Recently, someone forwarded a Live Science web link to me. The web page had information on how human brains are able to read words and make sense of them even when the letters are jumbled up. The website suggested that it was possible for a human brain to make sense of the words as long as the first and last letters were correct.

Now, I had seen some version of this before and never given it any more thought. But this time, it made me think of an audio book I was recently listening to called, “Creativity Inc.” by Dr. Ed Catmull, president of Walt Disney and Pixar Animation (Great book, highly recommend it). The author talks about a neuroscientist telling one of the directors how only 40% of the information of what we think we ‘see’ comes through our eyes and the rest of the detail is filled up by patterns and memories from past experiences. Later on, the author talked about the other end of the spectrum as well, meaning our eyes see what they want to see and ignore the facts that do not fit that recognizable pattern (Of course I am paraphrasing here.) In the words of Anais Nin, we don’t see things as they are; we see them as we are. He mentioned the human tendency for confirmation bias, wherein we accept data that confirms our mental models and reject the data that contradicts them.

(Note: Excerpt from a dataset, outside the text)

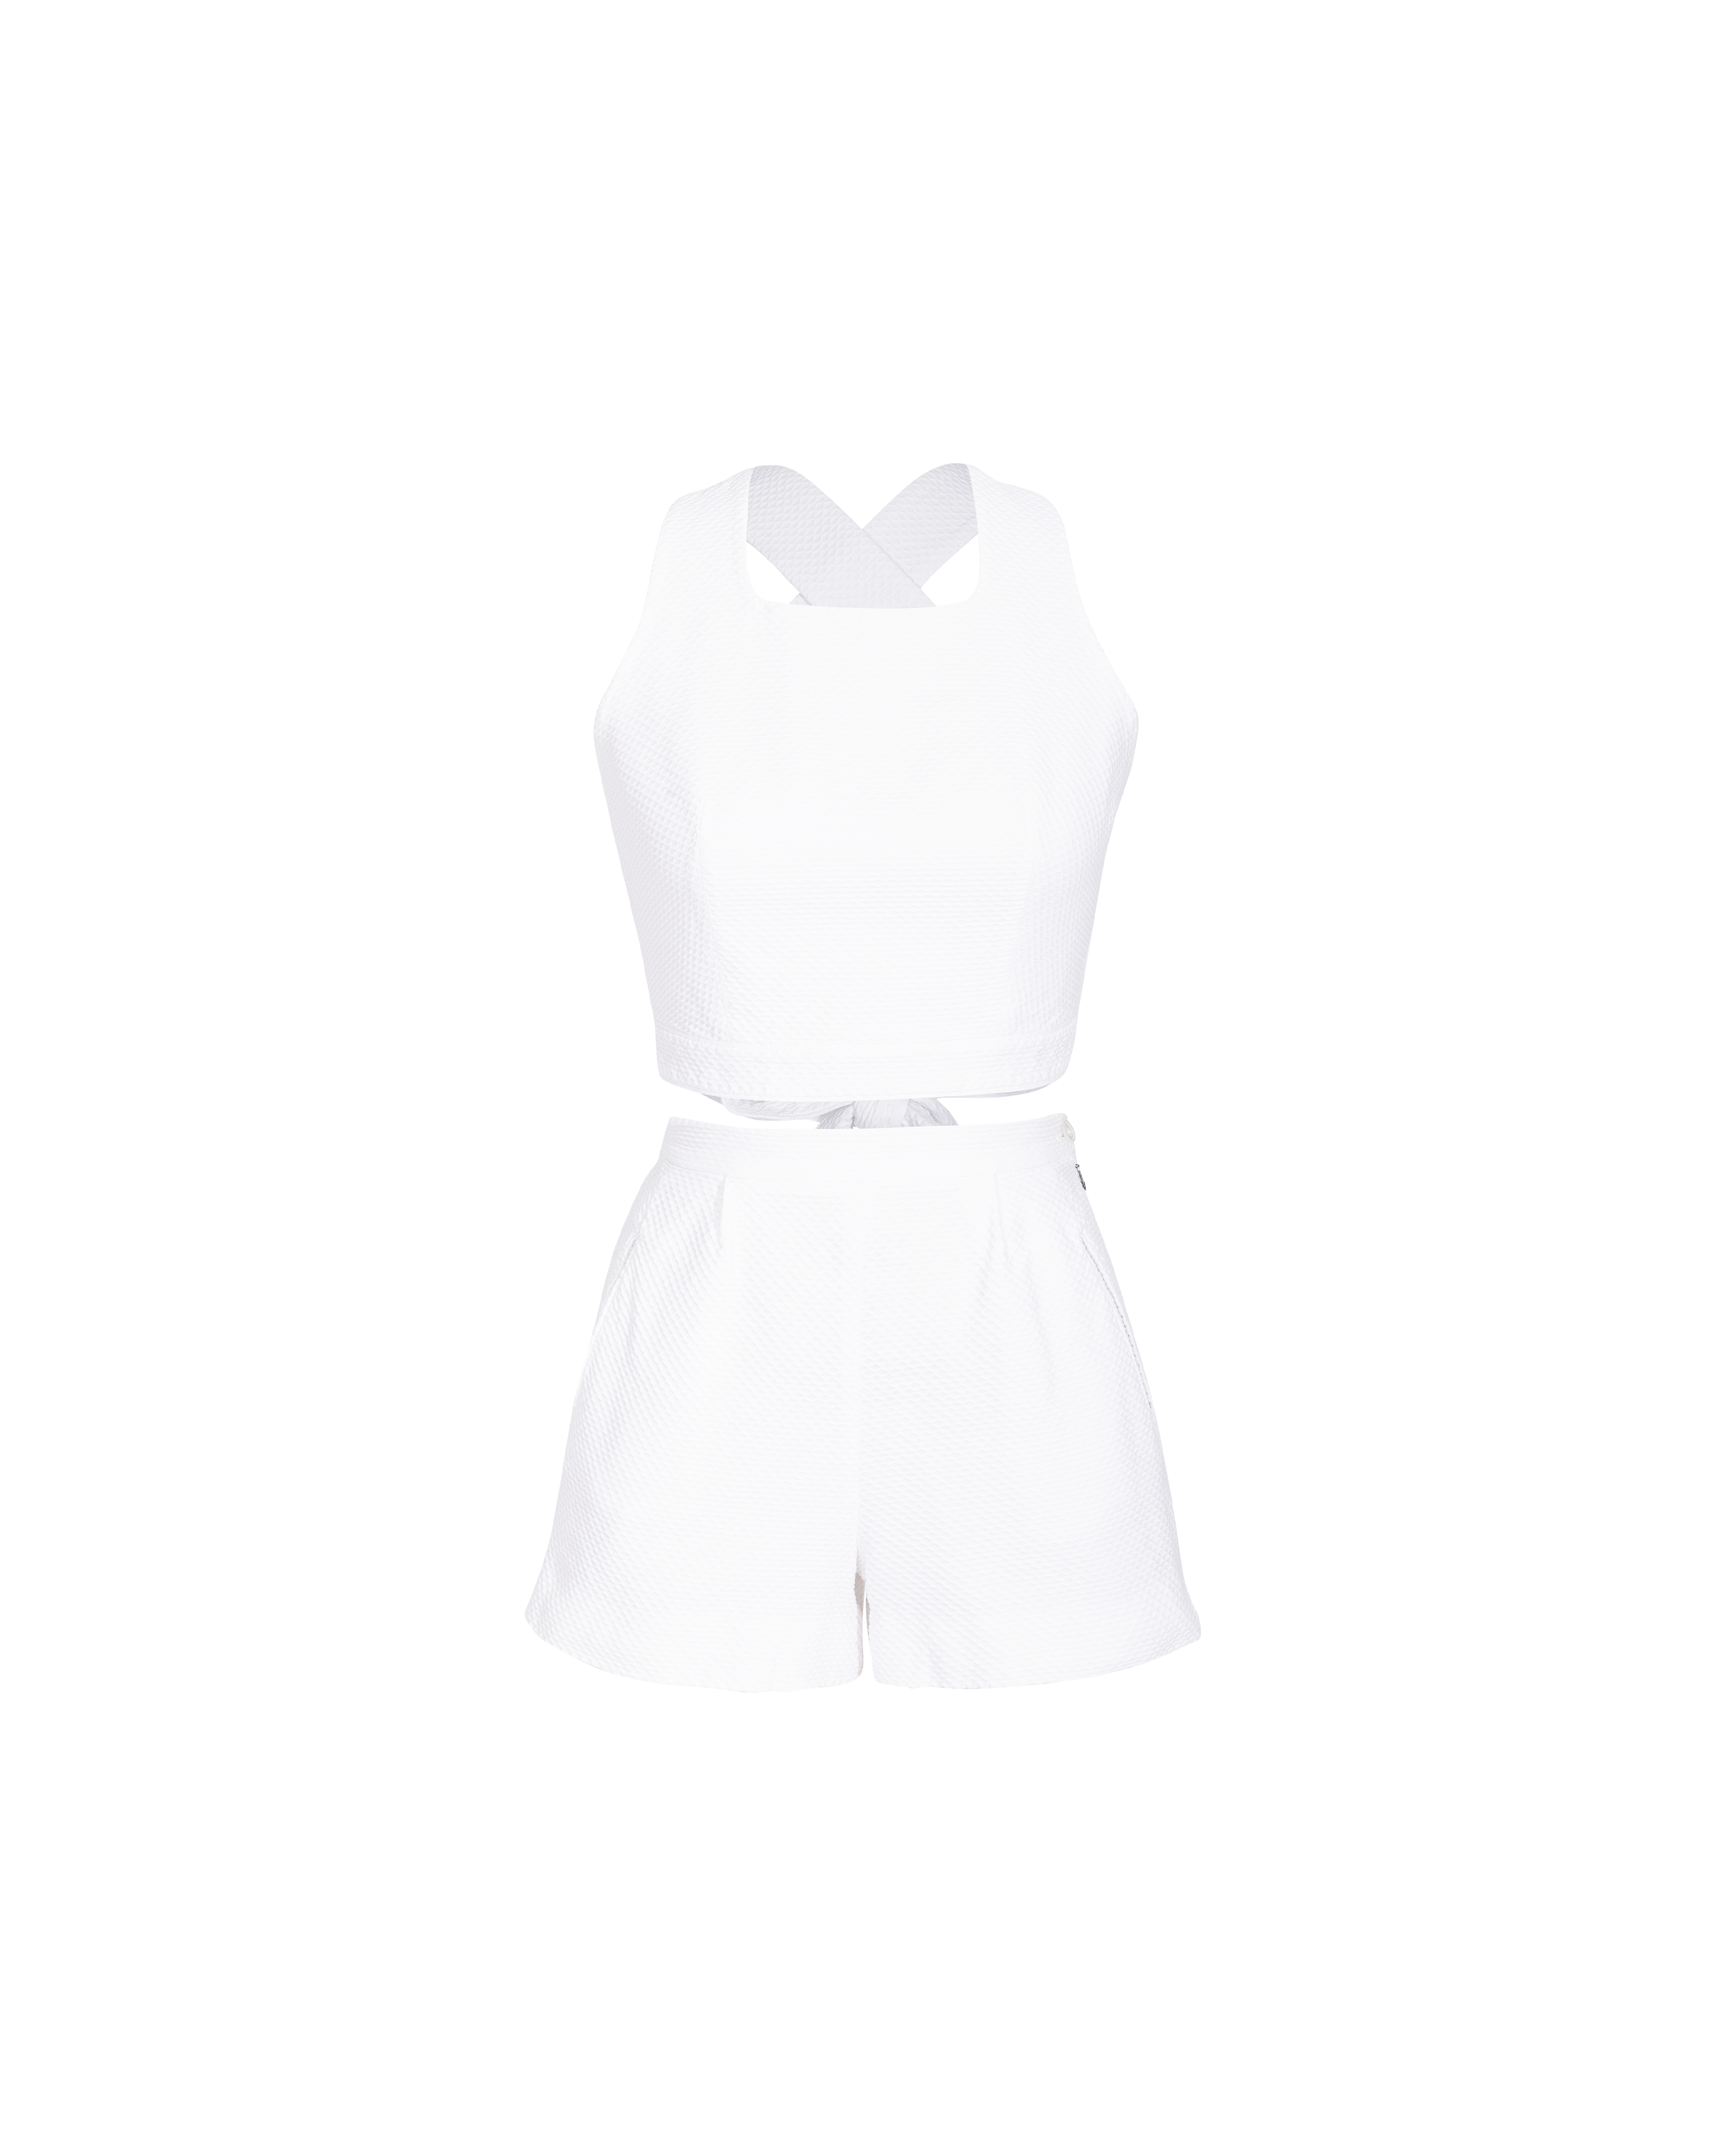 S/S 1992 White Crop Top and Hotpants Set
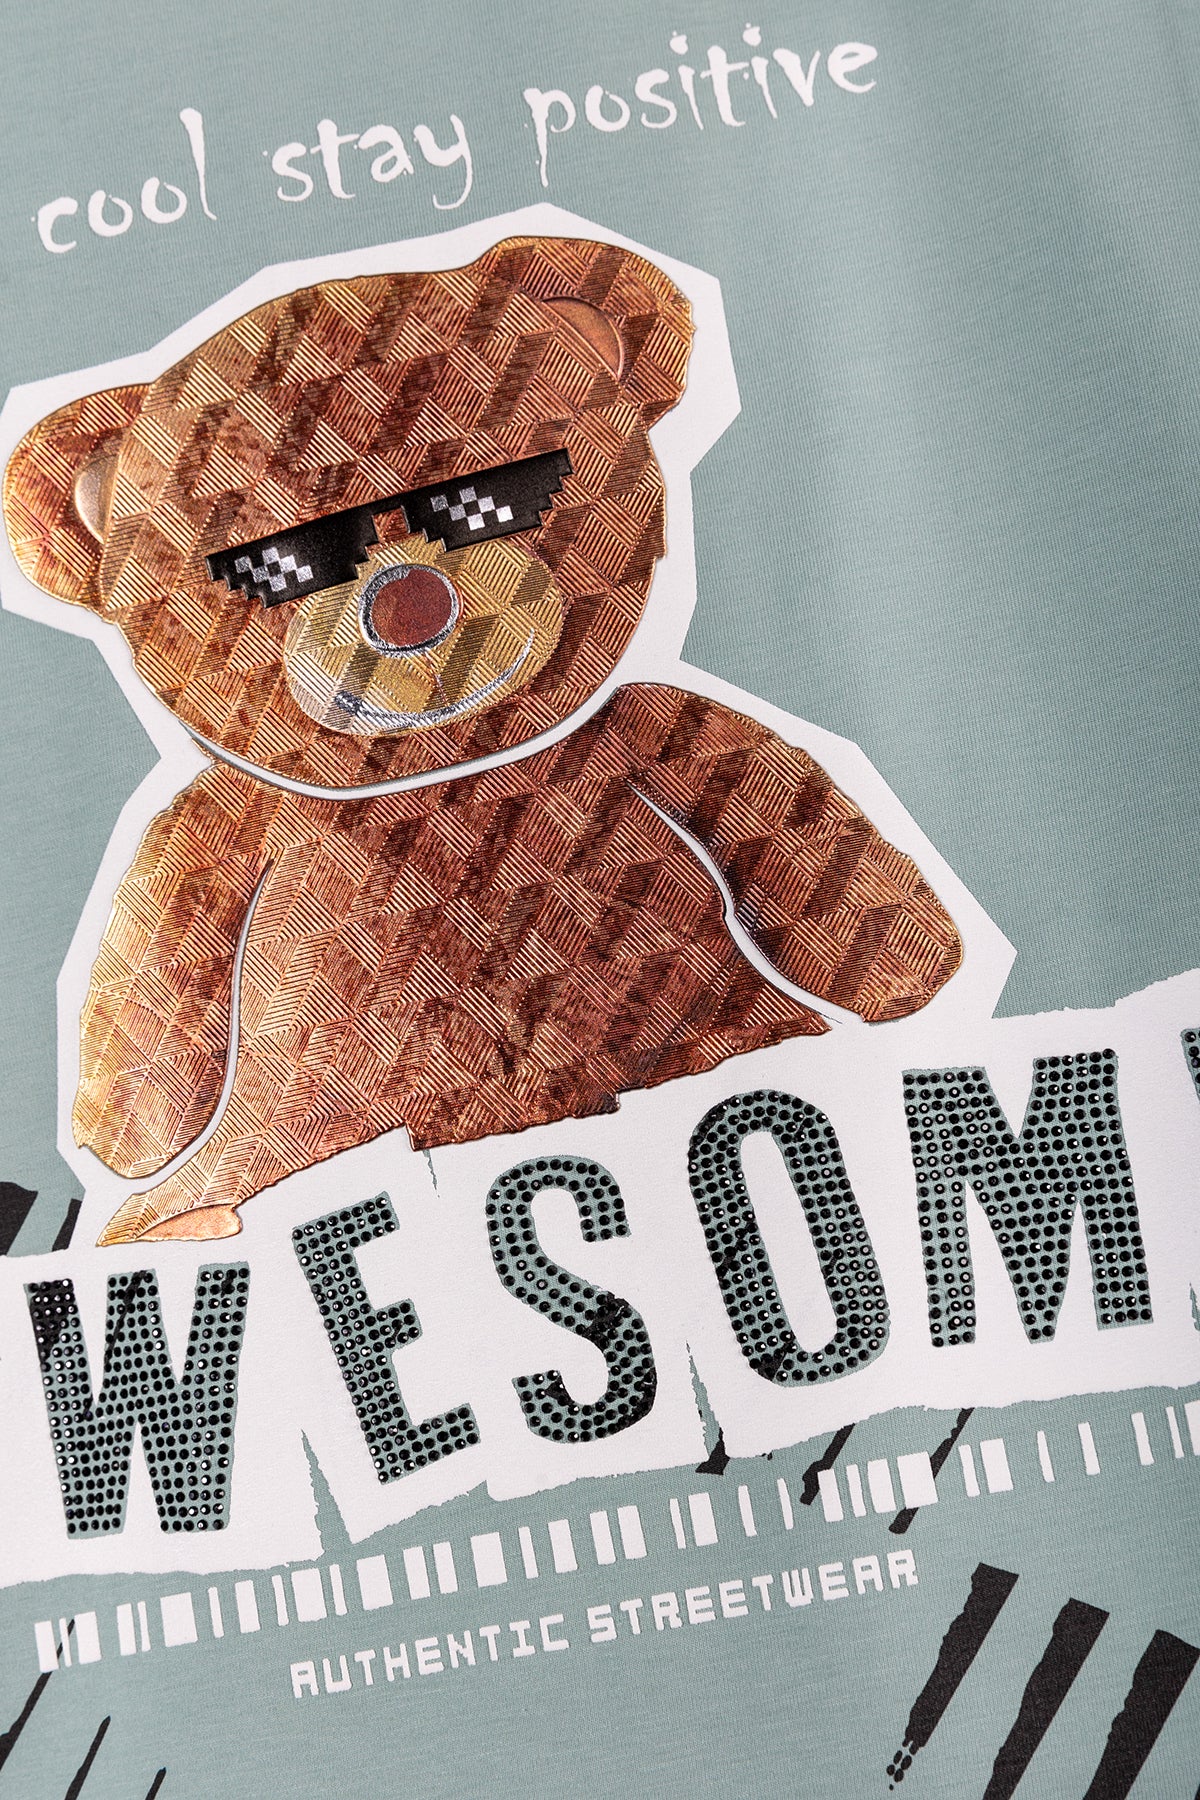 "Awesome" Teddy Bear Graphic Tee

Now, what does this have to do with forecasting? Here is what I have heard over the years. The science of collaborative forecasting depends on this notion of collecting forecast inputs from knowledgeable human participants (users). Whenever users are asked to provide forecasting input, they have shown a preference to see the historical data graphically (a picture is worth a thousand words kind of thing). One can only imagine that a person looks at these graphs and tries to do a best-can-do job of fitting a pattern. If only 40% is based on what they are seeing, the rest has to come from pre-baked intuitions and biases.

Over the years working with human forecasters, I have come to notice there are many biases. Here are some that I know of:

  1. Optimism bias: I have seen this primarily with the sales team who seem to have an abundance of confidence in their ability to sell and therefore inflate the end results.
  2. Sandbagging bias: This is the reverse of the above and I have seen this where well-meaning executives have created a system of bonuses based on exceeding the forecasts and this has created a culture of sandbagging.
  3. Anecdote bias: I have heard so many instances where regardless of what the data is telling them, client personnel would be wary of seeing it on account of some very bad thing that happened in the past and is part of the company folklore. Their forecast is therefore biased based on the anecdotes.
  4. Recent data bias: This is probably true for all processes where humans are involved. The more recent occurrences weigh heavier in our mind. In the case of forecasting, this can create an overreaction based on recent events.
  5. Silly bias: In a study done by Amor Tversky and Daniel Kahneman, they asked respondents to guess the number of countries in Africa. However, they showed them a number right before asking them to guess. What they found was on average, the estimate of number of countries went up when the user was shown a bigger number and went down when the users were shown a smaller number prior to answering the question. This makes me think a forecast could be impacted by silly things you saw before you start doing the forecast. For example, what if they saw the temperature and it was a hot day? Does that high number skew the forecast higher? What if they called someone prior to forecasting and the phone number was comprised of larger digits?

So there are various reasons a bias can creep in when we get humans involved in forecasting. In the coming weeks, we will look at some ways to mitigate these biases and getting good forecast input from the human participants. This is important, because, when done right, the human input can improve the forecast tremendously.